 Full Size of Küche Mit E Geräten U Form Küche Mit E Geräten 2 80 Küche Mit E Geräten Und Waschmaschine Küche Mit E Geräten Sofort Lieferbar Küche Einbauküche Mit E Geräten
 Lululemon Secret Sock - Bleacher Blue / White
==
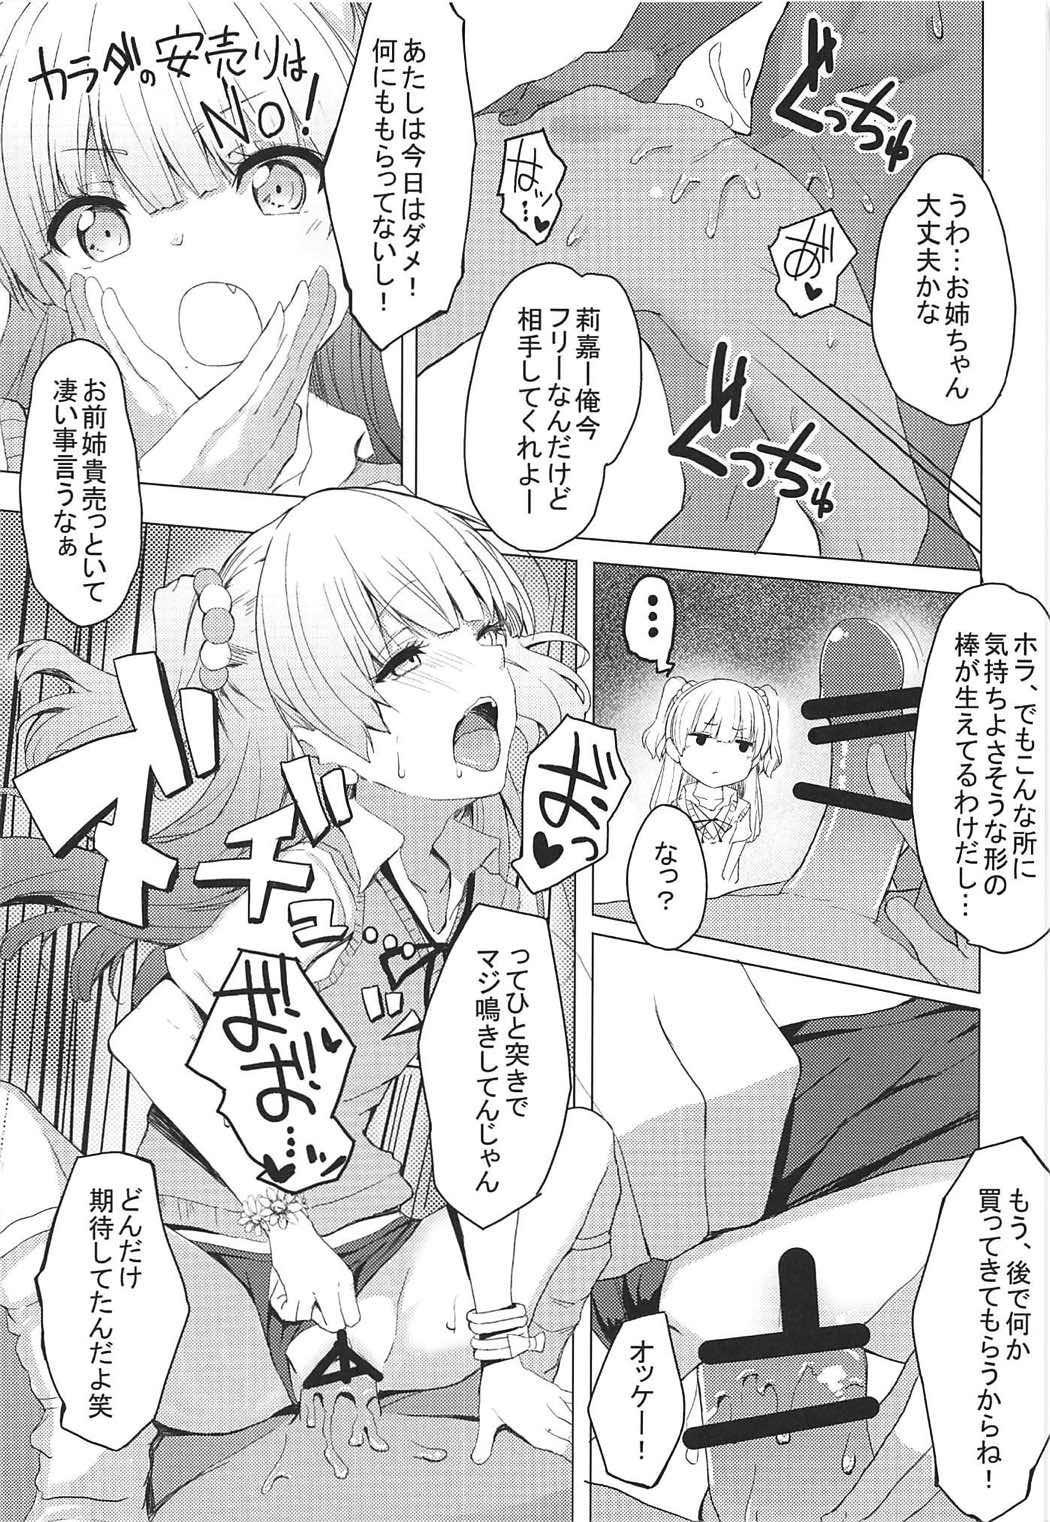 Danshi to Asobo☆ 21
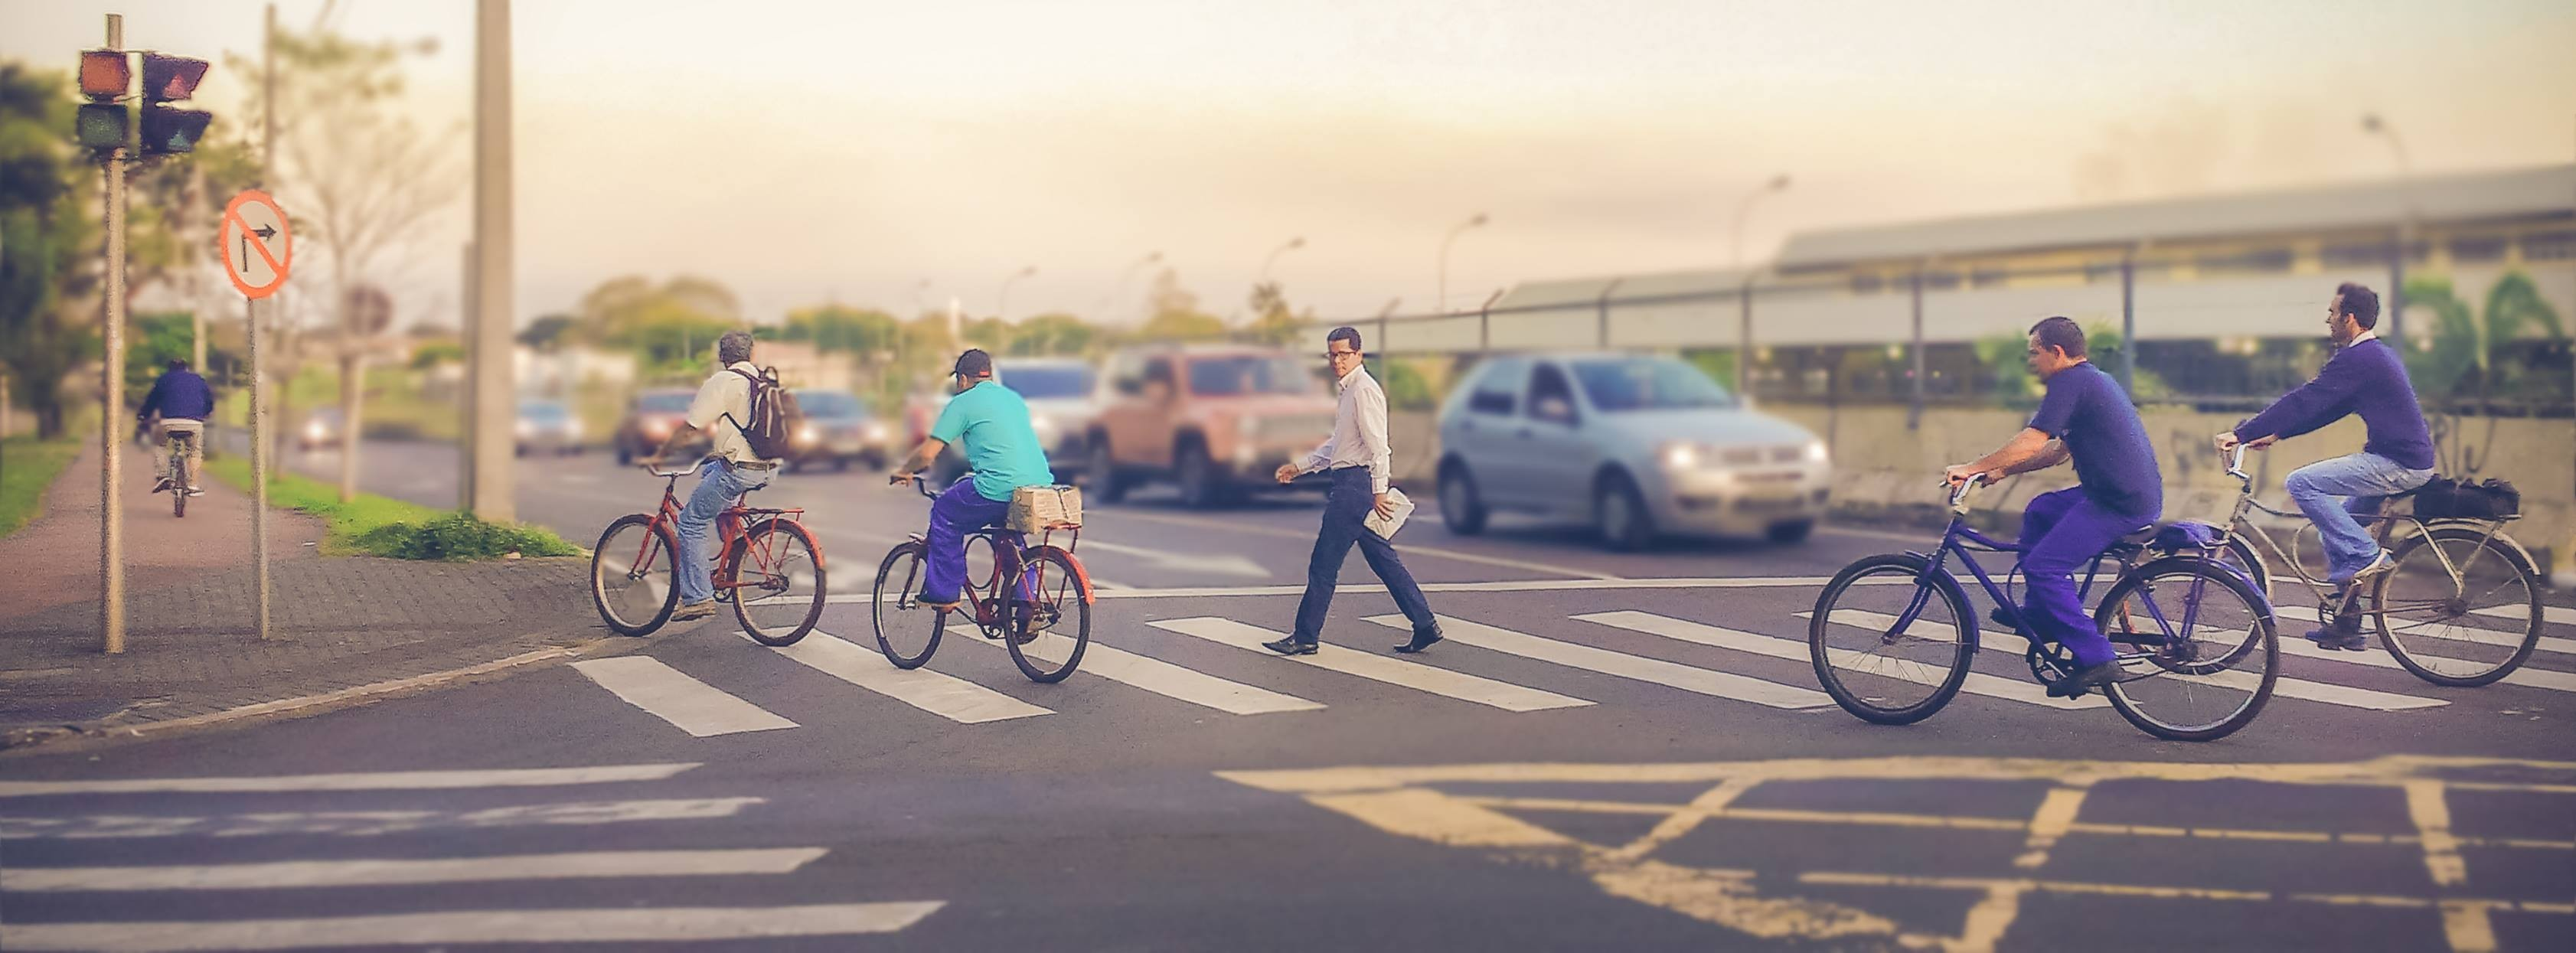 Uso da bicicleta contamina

*WORK REQUIRED*: From the records above, print exactly the lines that run from the line with "Full Size of" to the line with "Lululemon Secret Sock", inclusive.

*RESULT OF THIS TASK*:
 Full Size of Küche Mit E Geräten U Form Küche Mit E Geräten 2 80 Küche Mit E Geräten Und Waschmaschine Küche Mit E Geräten Sofort Lieferbar Küche Einbauküche Mit E Geräten
 Lululemon Secret Sock - Bleacher Blue / White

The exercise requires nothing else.